Я посмотрела на зонтик. Это был мой зонтик. Я не помнила, чтобы забыла его накануне у Барбленэ, ни даже, чтобы брала его, идя туда.
— Мерси, но вы напрасно беспокоились.
— О, не стоит об этом говорить, не стоит об этом говорить.
Он стоял посреди комнаты, такой беспомощный, тан явно хотел остаться, так мучился тем, что должен был мне еще сказать, что я сжалилась над его смущением.
— Присядьте же, г-н Барбленэ. Вокзал далеко отсюда, и дорога в гору. Отдохните минутку.
Пока он садился, я просмотрела на лету три или четыре гипотезы, которые могли бы объяснить его поступок, и прямо перешла к самой неприятной. «Семейство Барбленэ, возмущенное обстоятельствами моего ухода, скандализованное докладом Сесиль об ее встрече, объявляет мне о моем увольнении и, чтобы смягчить для меня его горечь, рассчитывает на добродушие папаши Барбленэ».

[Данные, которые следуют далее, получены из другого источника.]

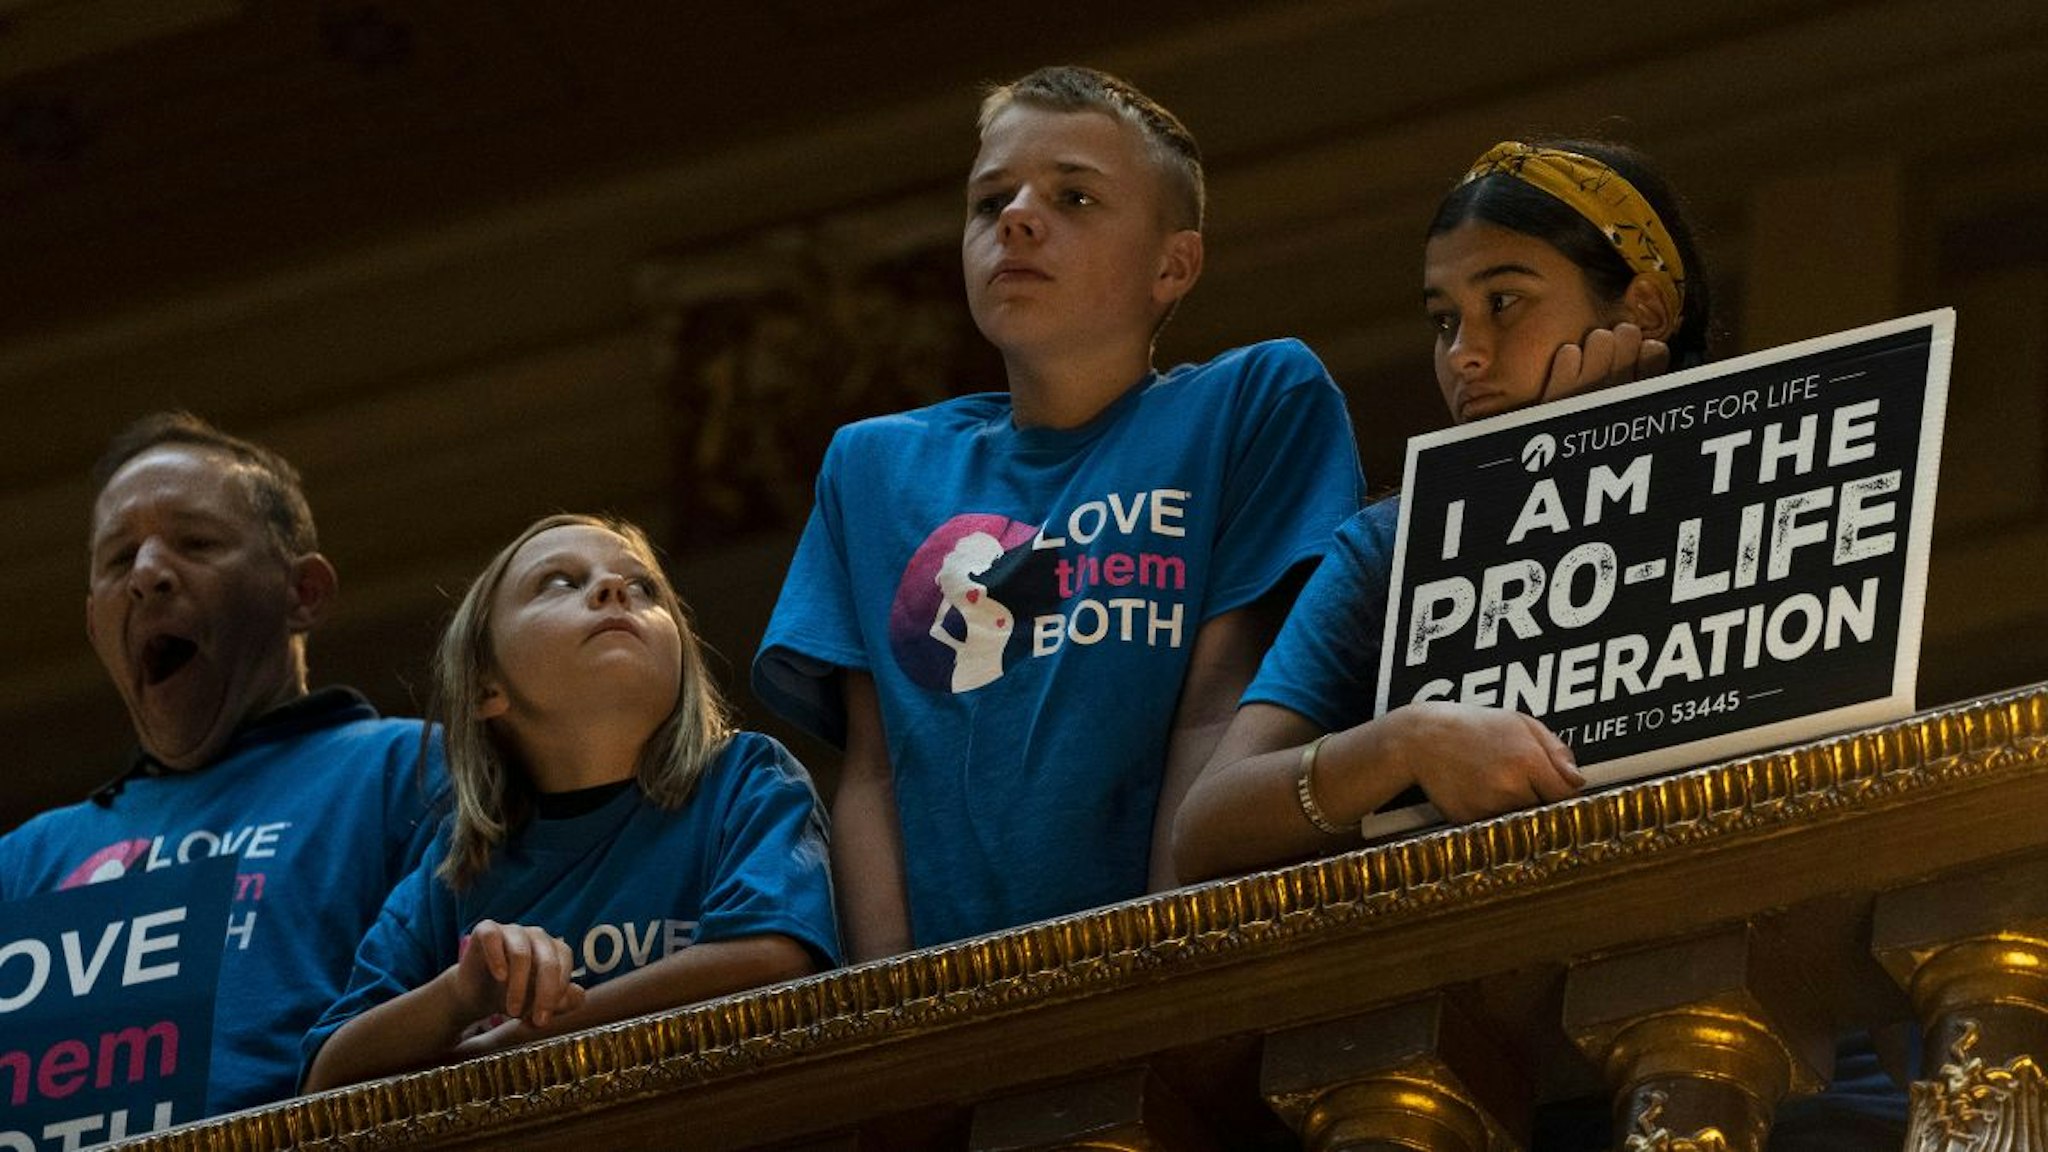 Anti-abortion demonstrators protest during a special session of the Indiana State Senate at the Capitol building in Indianapolis, Indiana, US, on Tuesday, July 26, 2022.

Первое чувство отчаяния почти сразу же растаяло. Я окинула взглядом свою комнату с разбросанными вещами: «Ты была права, маленькая Люсьена, воспользовавшись сегодня утренним солнцем, чтобы минуту поиграть в богатую женщину. Через пять минут было бы уже поздно… Сумеешь ли ты опять ограничивать себя?.. А дрожь с утра до вечера, как одежда посвященной? А это глубокое пение в ушах, как будто твоя душа, развиваясь вне тебя и перемещаясь шаг за шагом, становится сводом над твоей головой и церковной музыкой? Помнишь ли ты их еще? Обретешь ли их вновь? А слезы к концу дня, есть ли они еще у тебя?».
Г-н Барбленэ говорил мне в это время:
— Конечно, если идти кратчайшим путем, подъем крутоват.
Потом:
— Для своих лет я не устаю. У меня нет привычки прислушиваться к себе. Но когда есть заботы, дело плохо. Да. У меня, должно быть, неважный вид. Я провел странную ночь, уверяю вас.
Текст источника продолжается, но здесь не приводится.